Michael Pakenham Edgeworth (24 May 1812 – 30 July 1881) was an Irish botanist who specialized in seed plants and ferns, and spent most of his life working in India. He was also a pioneer of photography.

==Early life and family relations==
Edgeworth was born in Edgesworthstown, County Longford, Ireland on 24 May 1812, one of twenty-four children of Richard Lovell Edgeworth (1744–1817) and his four wives. His mother, Frances Beaufort, was the fourth wife. His older half-sister Maria Edgeworth, born to his father's first wife Anna Maria Edgeworth (née Elers), became a novelist. Among his other siblings were Honora (half-sister), Fanny (sister), Lucy (sister), and Francis (brother). With his wife Christina, whom he married in 1842, Michael had a daughter named Harriet and a second, Christina, who died in infancy.

==Education==
He attended Charterhouse School in England from September 1823 where his schoolmates included William Makepeace Thackeray and H.G. Liddell. He later studied oriental languages and botany at University of Edinburgh, Scotland, from 1827. A relative, Lord Carrington offered his mother a cadetship for one of her sons.

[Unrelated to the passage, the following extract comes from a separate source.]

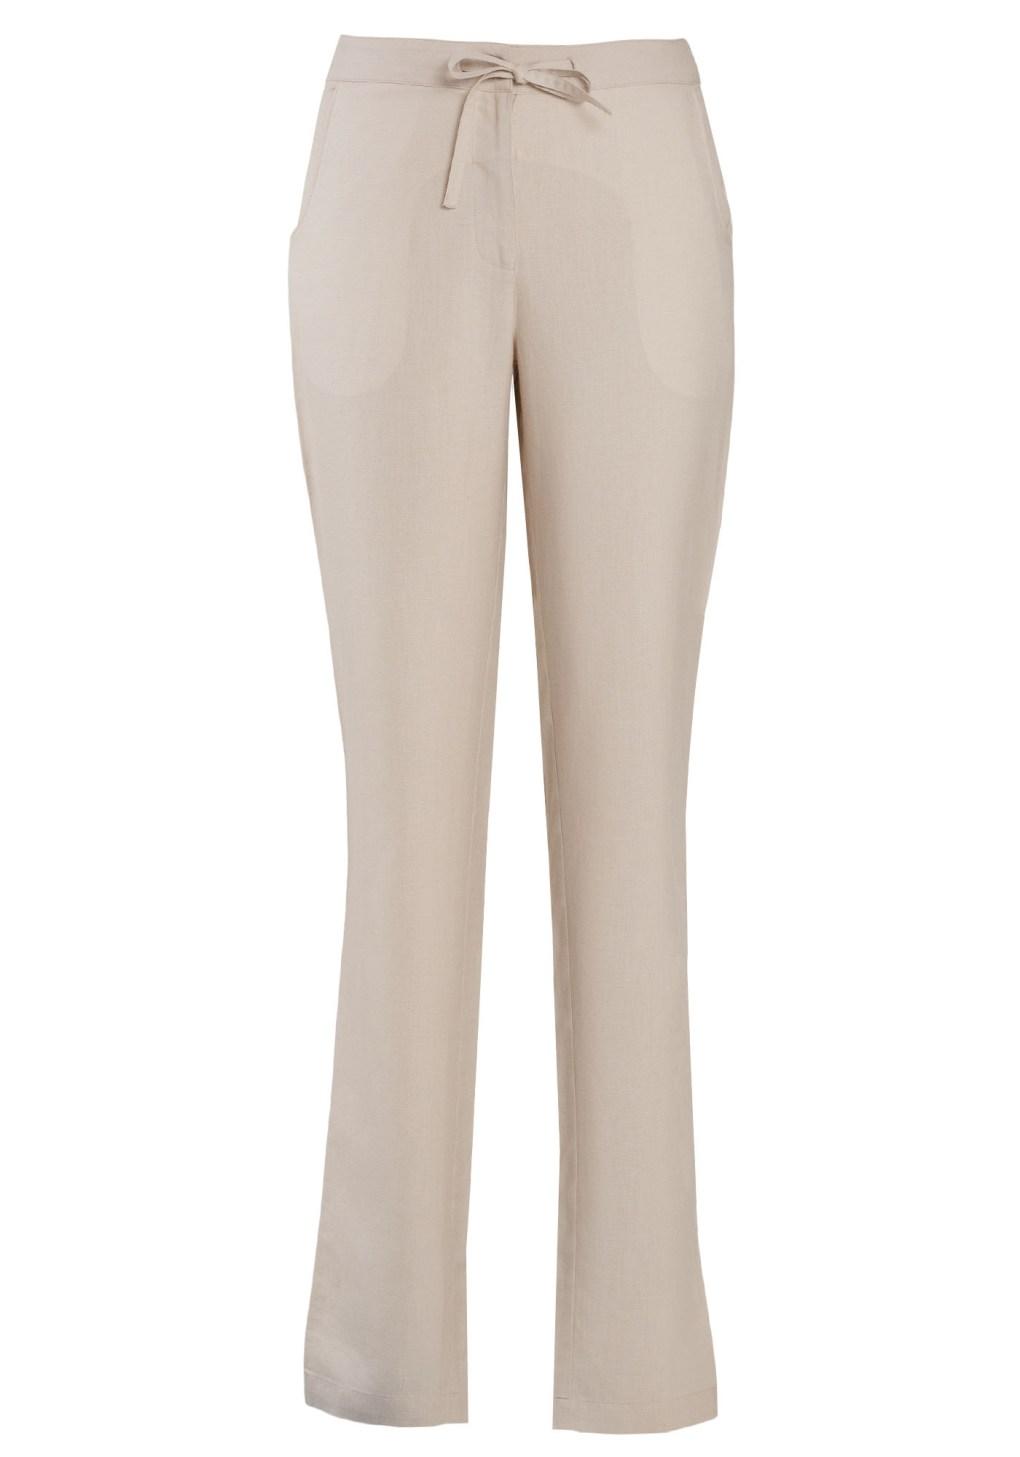 MINC ecofashion Narrow Trousers in Off White Linen with Drawstring

From 1829 - 30 he was at the East India College, Haileybury, ending with appointment to the East India Company on 30 April 1831 as a writer.

==Travels==
Although he is known to have had an estate of 1,659 acre in County Longford, Ireland, he joined the Bengal Civil Service of the British Colonial regime in India. He was initially based at Ambala, Muzaffarnagar, then Saharanpur and finally Banda until 1850 in a series of judicial and administrative posts covering an area from Lahore to Madras. Being possessed of a curious spirit, Edgeworth travelled widely especially in northern India where he collected plants and made notes. In June 1849 he was appointed as one of the Commissioners in The Punjab. In addition to his interest in botany, he also wrote about Indian languages, culture, topography, and antiquities.

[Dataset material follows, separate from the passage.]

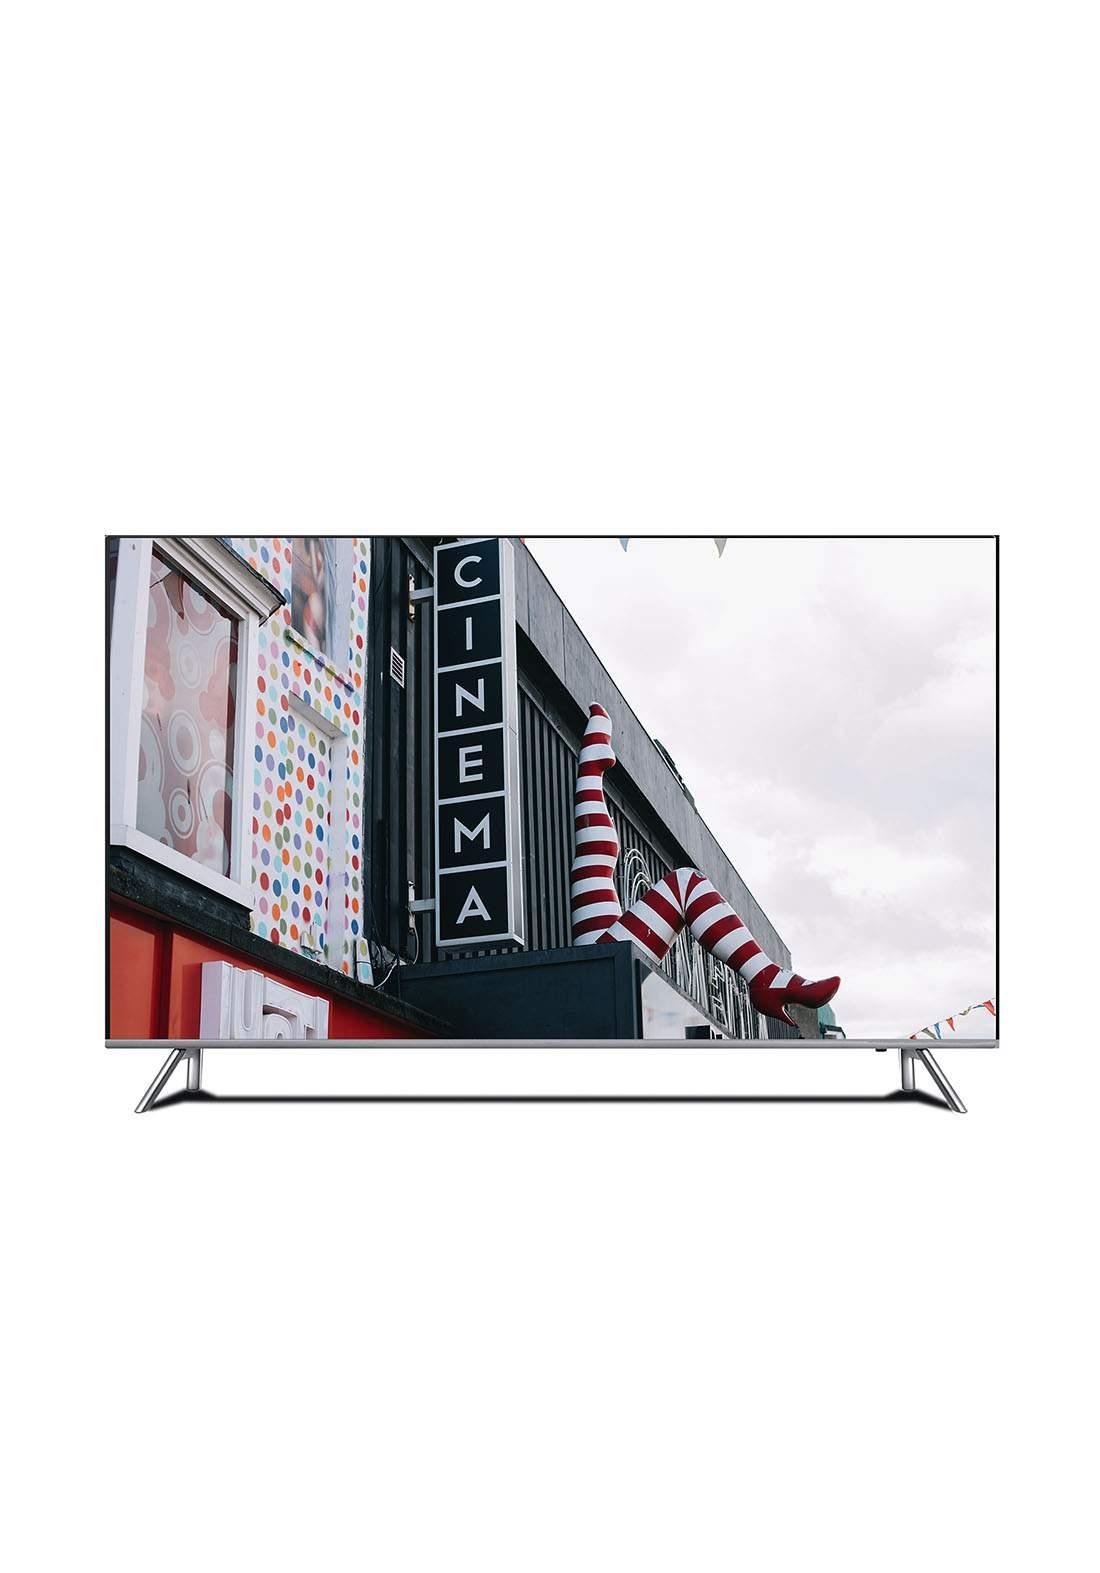 Shark Smart With Voice Command Led Tv - 50inch 4K شاشة ذكية ناطقة

But he was not always in India; he maintained a connection with scientific societies, being elected to the Linnean Society in 1842. On a return voyage to India in 1846 he took advantage of a short stop at Aden to collect plants. Of the 40 specimens, eleven turned out to be previously undescribed species that he reported in a scientific journal. A letter from Charles Darwin to J.D. Hooker mentions a conversation held between himself, Edgeworth and biologists John Lubbock and George Charles Wallich, at a meeting of the Linnean Society of London (18 April 1861) less than two years after the publication of Darwin's On the Origin of Species (22 November 1859). Unfortunately, very little of the content of this conversation is revealed in the letter.

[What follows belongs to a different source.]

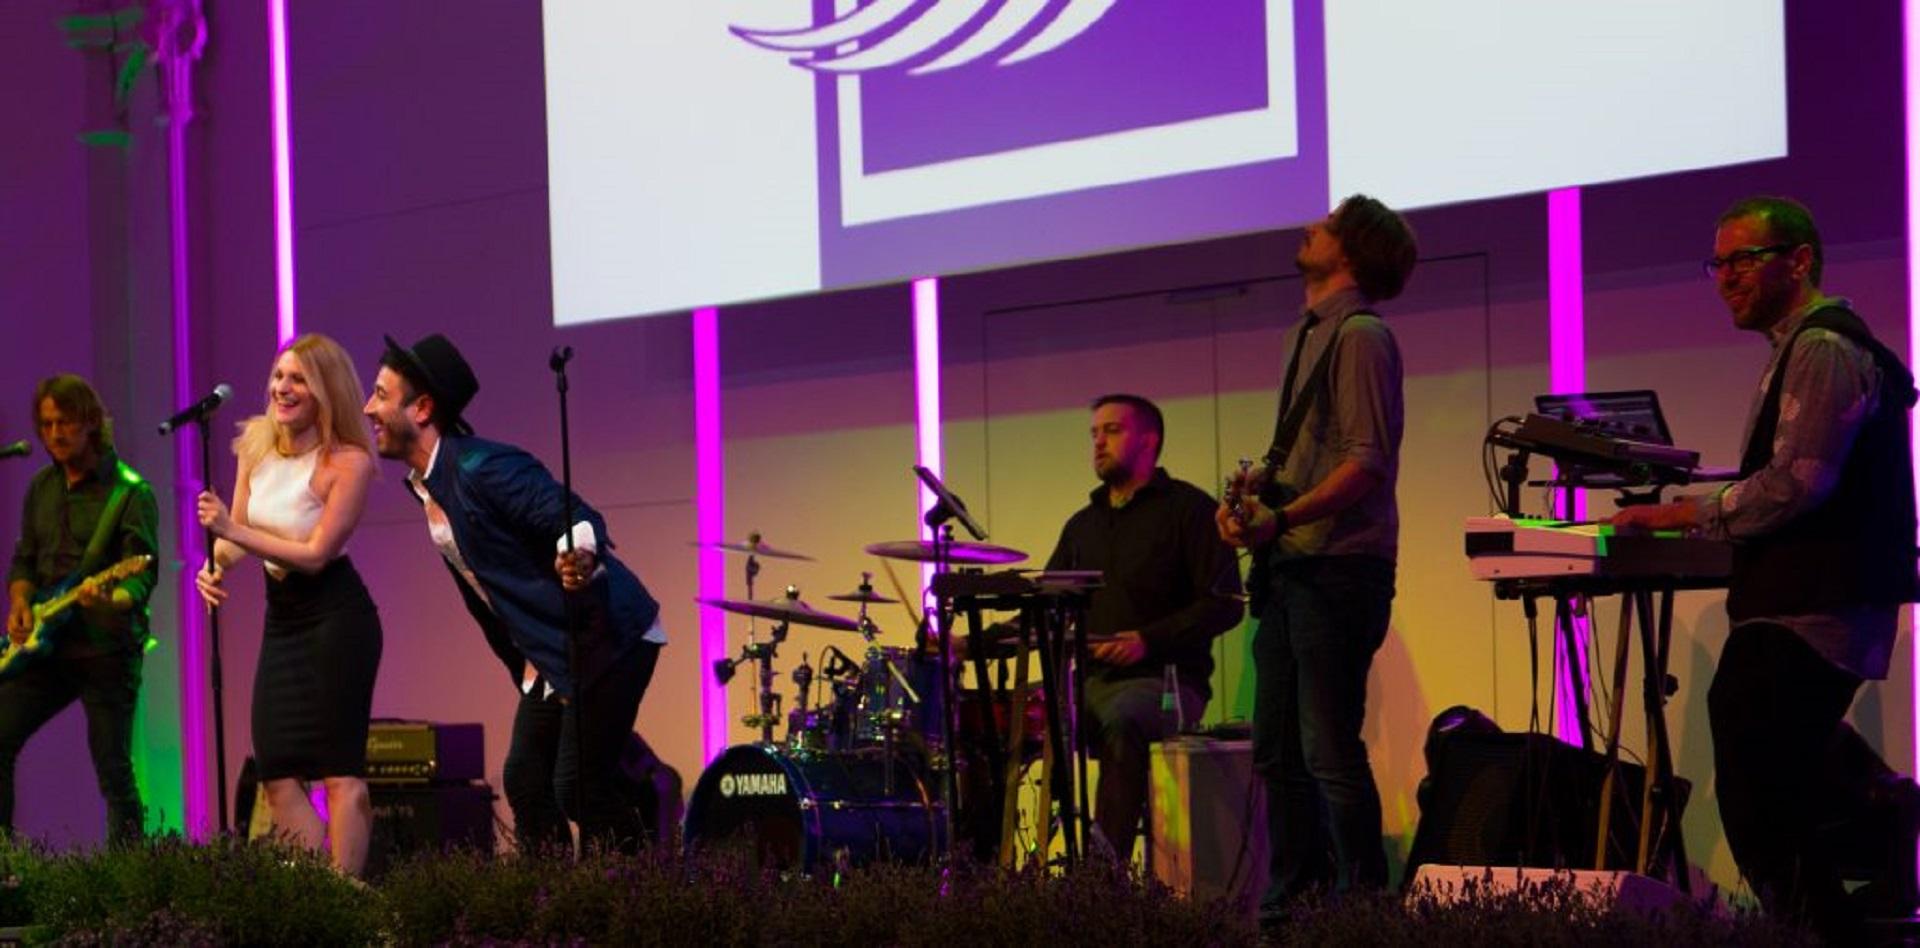 IMG_1738-1024x506-1 Live-Band für Event, Messe, Gala, Show

Edgeworth experimented with the use of photographic techniques in botany from 1839, making daguerreotypes and photogenic drawings, some of which survive.

== Death ==
He retired in 1859, returning to London. Edgeworth died suddenly on 30 July 1881 on the island of Eigg, in the Scottish Inner Hebrides. Edgeworth was married to Christina daughter of Dr Macpherson of King's College, Aberdeen in 1846.

==Published works==
He published thirteen papers on botany, climatology and his travels. In the field of botany, Edgeworth wrote:

- Descriptions of Some Unpublished Species of Plants from North-Western India (R.Taylor, 1851)
- Catalogue of Plants found in the Banda district, 1847–49, pp. 60.8 (Journal of the Asiatic Society of Bengal, Calcutta 1852, Vol. xxi.)
- Pollen (Hardwicke + Bogue, 1877)

His meticulous diaries from the years 1828 (just a few years before going to India) to 1867, was compiled in the weighty, 8,000-page publication entitled India in the Age of Empire - The Journals of Michael Pakenham Edgeworth (1812–1881). It chronicles the broadening of British imperial influence in the Indian territories and is principally of cultural and political interest.

==Botanical names==
The plant genus Edgeworthia was dedicated to him, and to his half-sister, the writer Maria Edgeworth. Numerous other plants including Primula edgeworthii, Rhododendron edgeworthii, Impatiens edgeworthii and Platanthera edgeworthii were named after him.